───── Collected data ─────

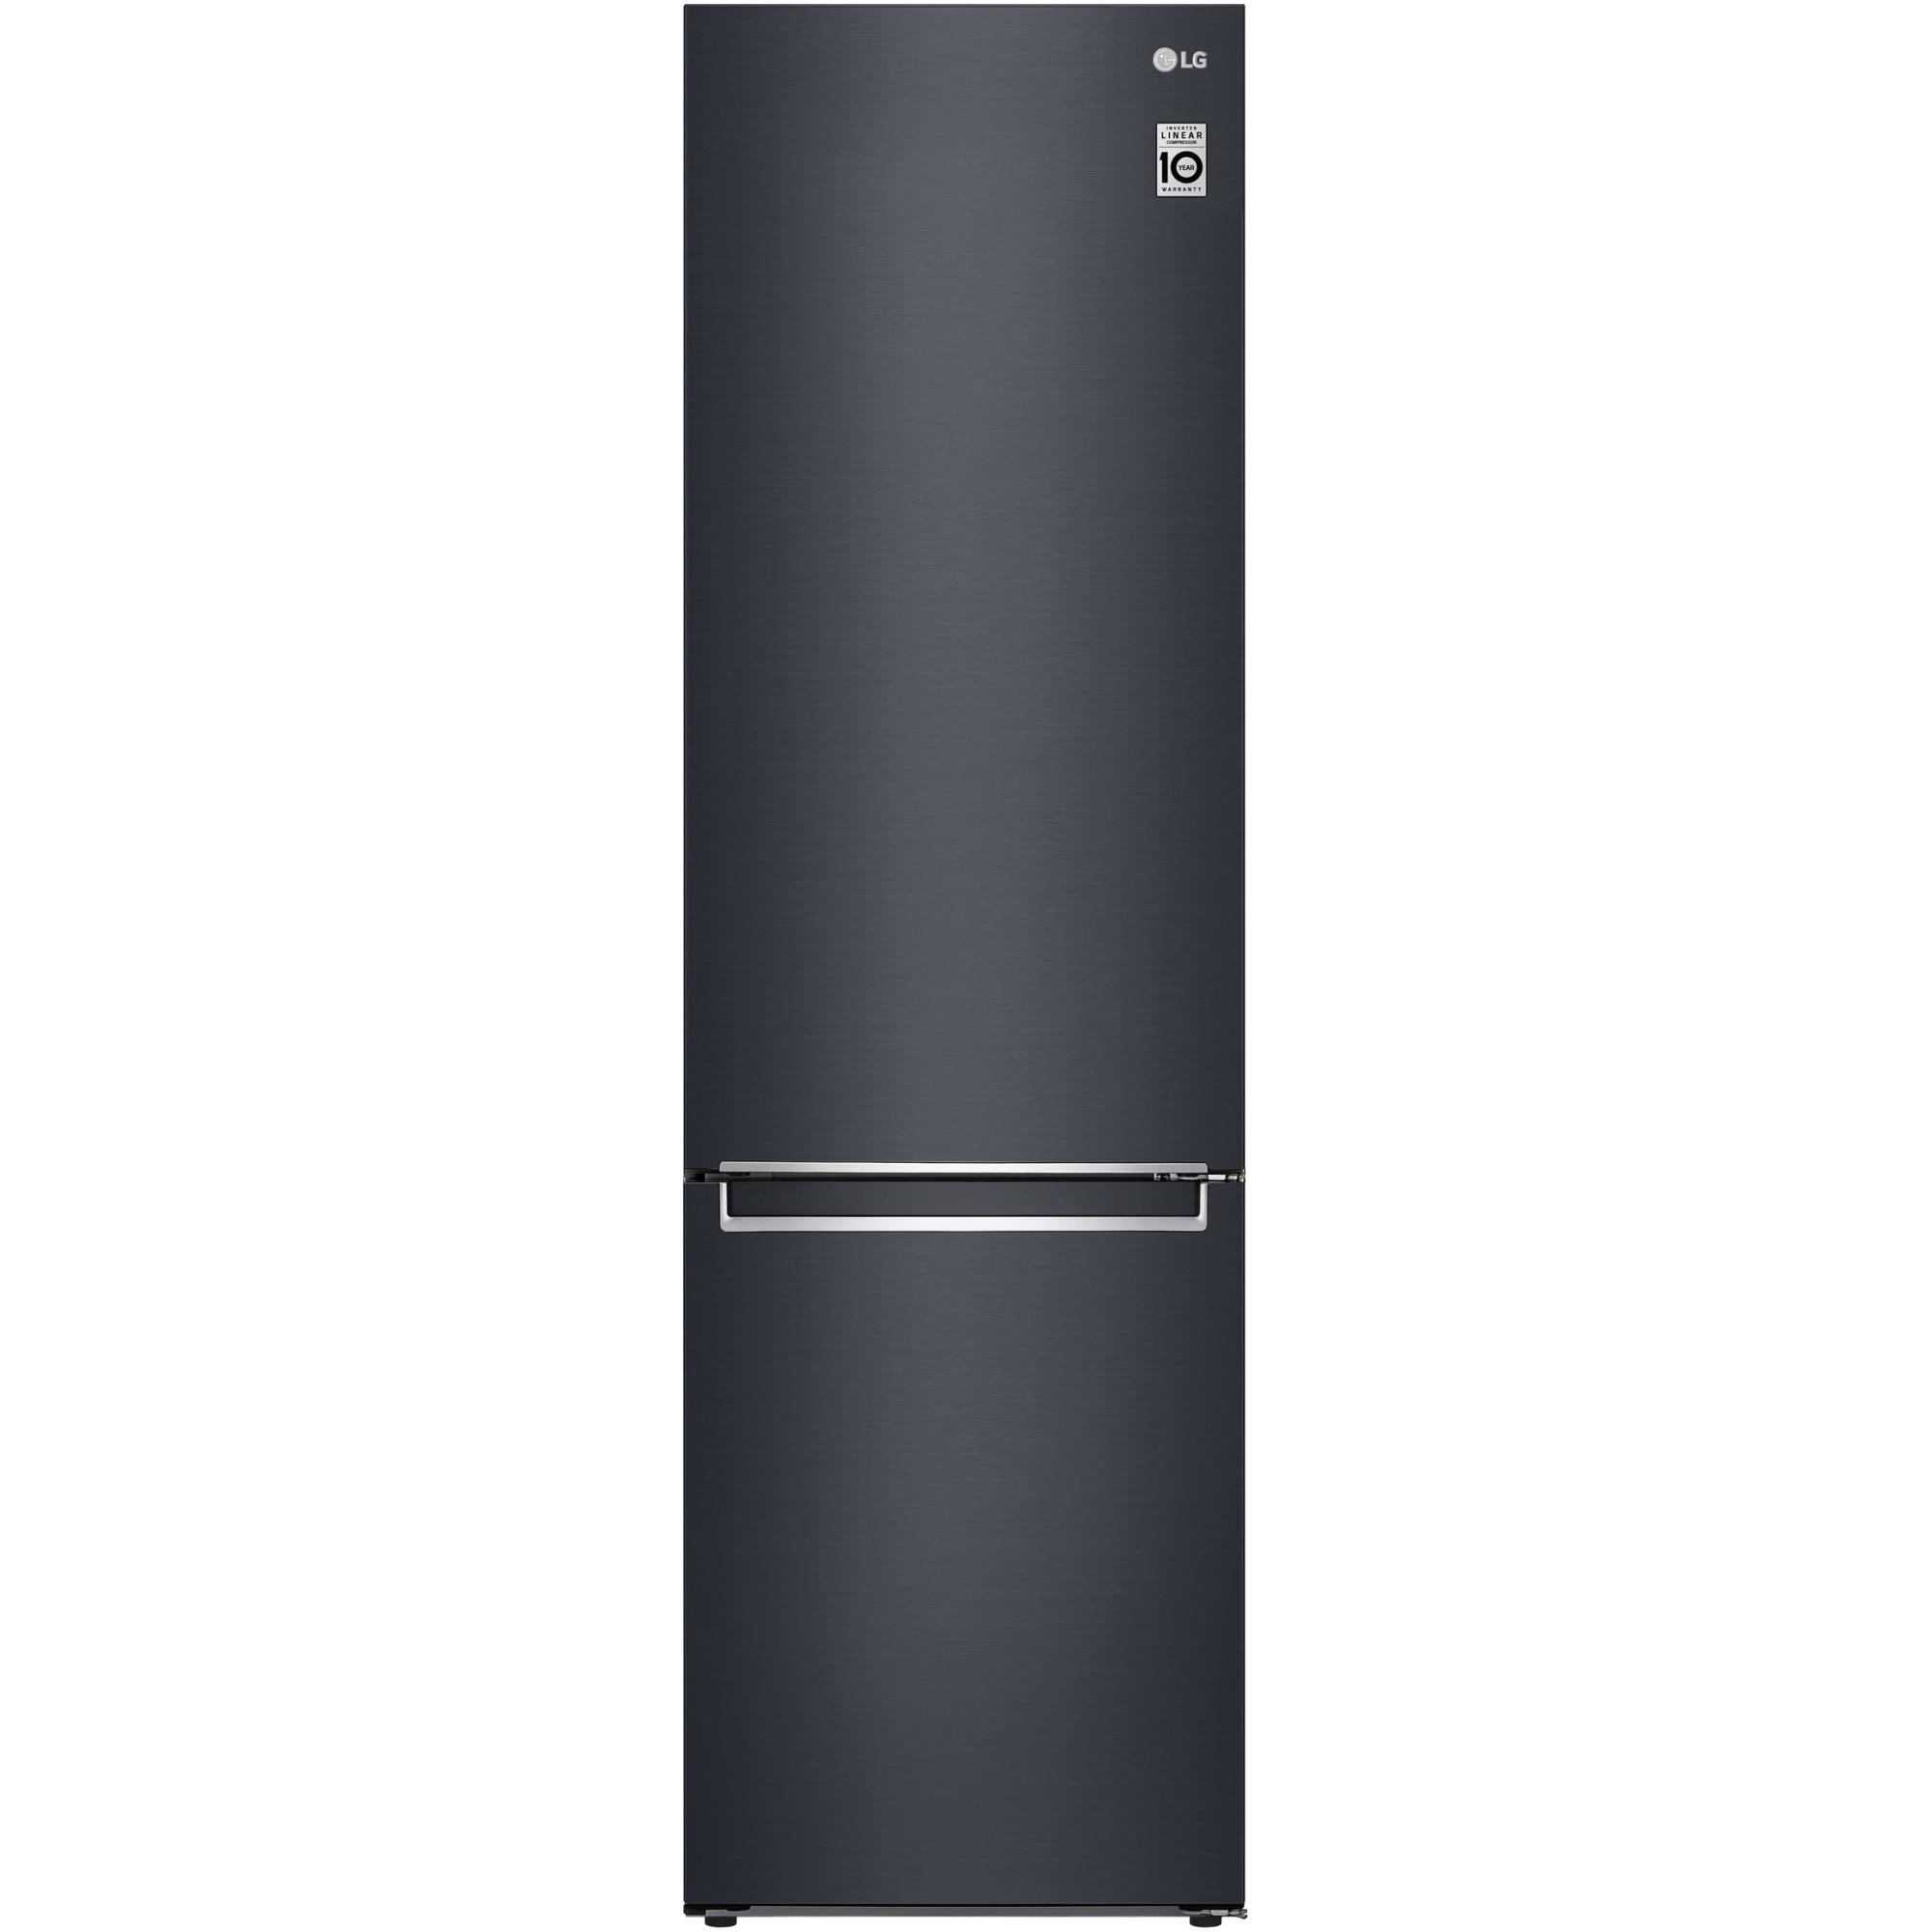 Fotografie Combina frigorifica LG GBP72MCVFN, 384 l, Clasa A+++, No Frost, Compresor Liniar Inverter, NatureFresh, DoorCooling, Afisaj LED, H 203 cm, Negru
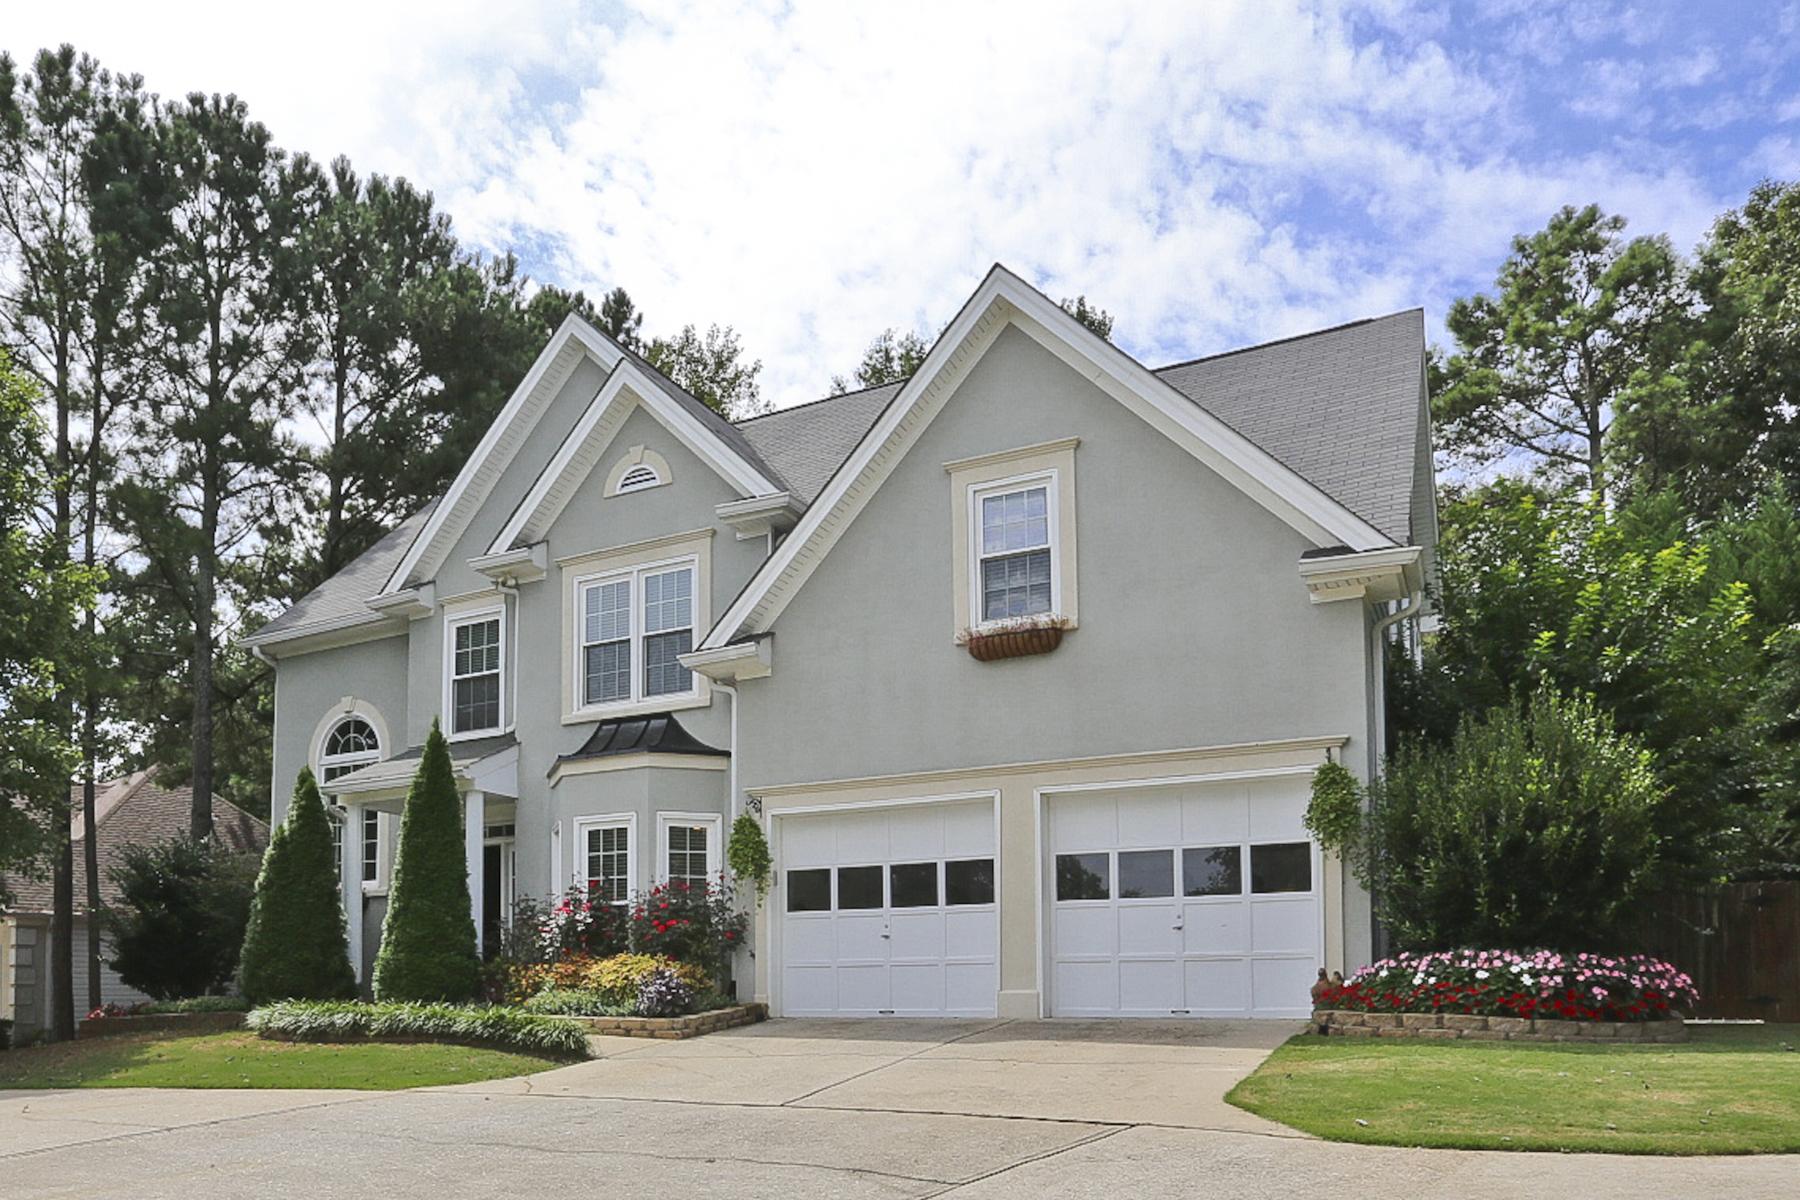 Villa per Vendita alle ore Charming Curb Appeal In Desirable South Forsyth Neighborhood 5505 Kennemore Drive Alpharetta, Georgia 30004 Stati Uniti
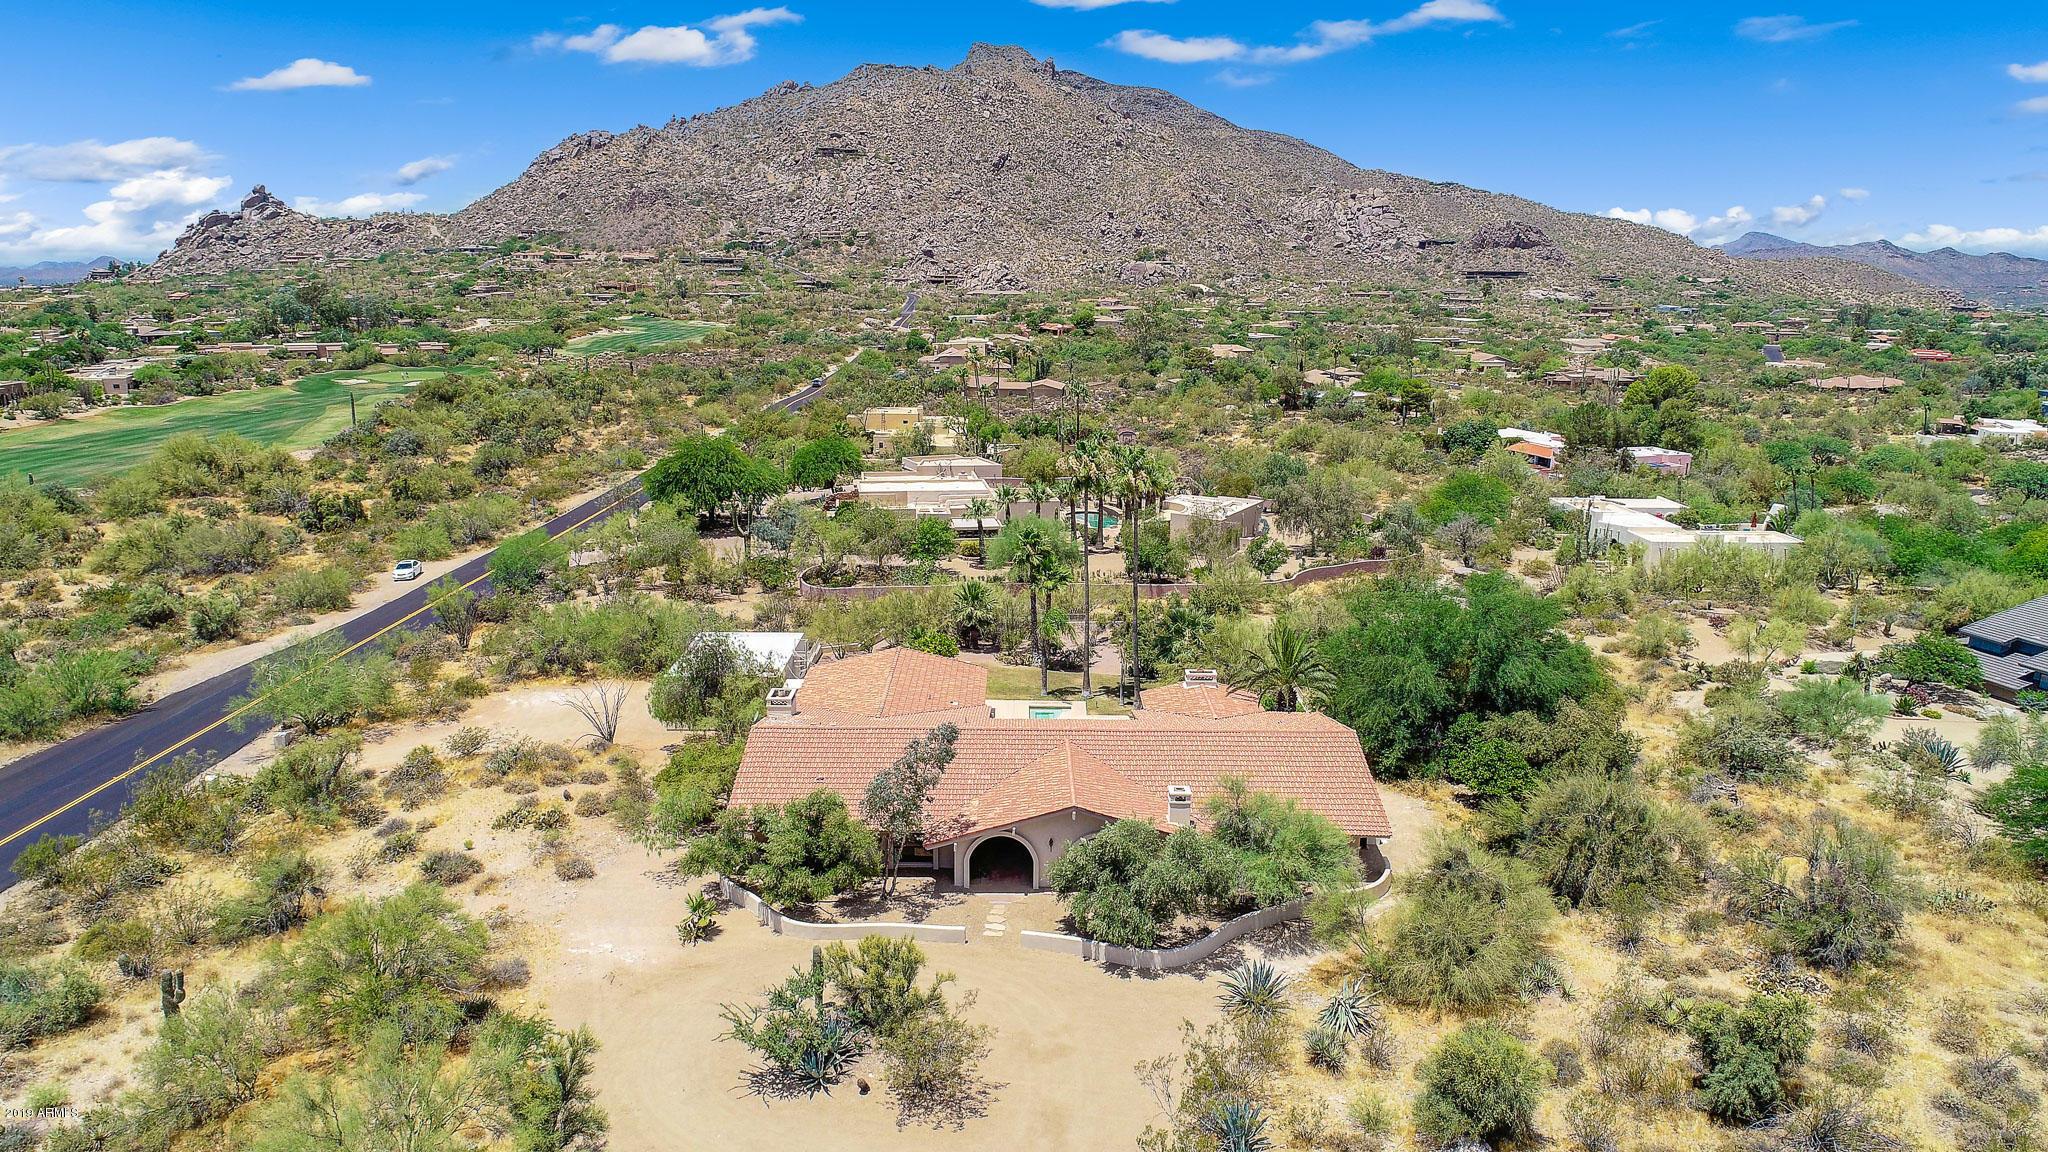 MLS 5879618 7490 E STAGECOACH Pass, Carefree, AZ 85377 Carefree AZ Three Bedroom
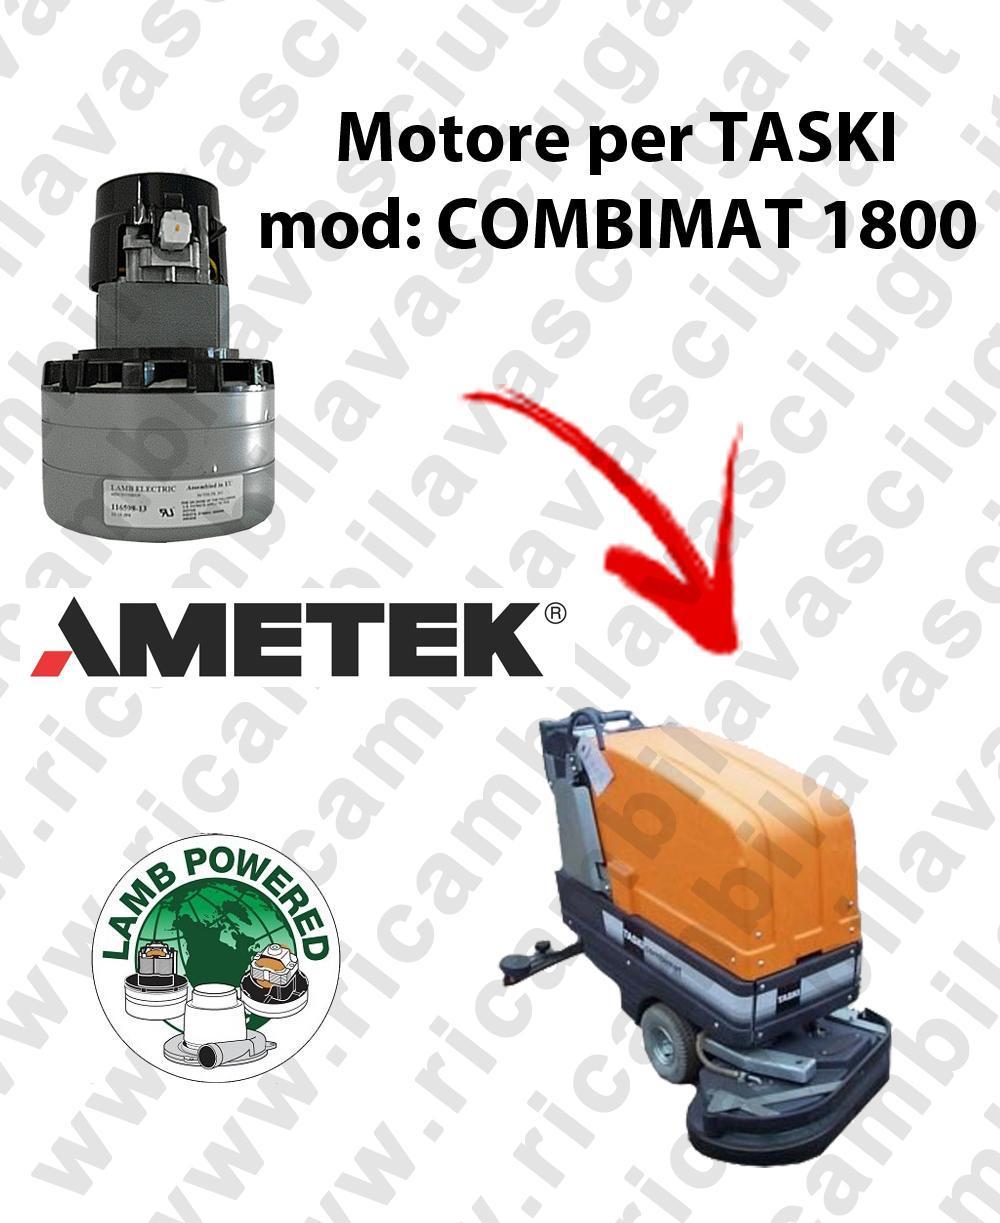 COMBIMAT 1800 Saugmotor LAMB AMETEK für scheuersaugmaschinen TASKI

─────

Leave the pictures out and set down the rest of the listing above exactly.

__Expected answer__:
 Fotografie Combina frigorifica LG GBP72MCVFN, 384 l, Clasa A+++, No Frost, Compresor Liniar Inverter, NatureFresh, DoorCooling, Afisaj LED, H 203 cm, Negru
 Villa per Vendita alle ore Charming Curb Appeal In Desirable South Forsyth Neighborhood 5505 Kennemore Drive Alpharetta, Georgia 30004 Stati Uniti
 MLS 5879618 7490 E STAGECOACH Pass, Carefree, AZ 85377 Carefree AZ Three Bedroom
 COMBIMAT 1800 Saugmotor LAMB AMETEK für scheuersaugmaschinen TASKI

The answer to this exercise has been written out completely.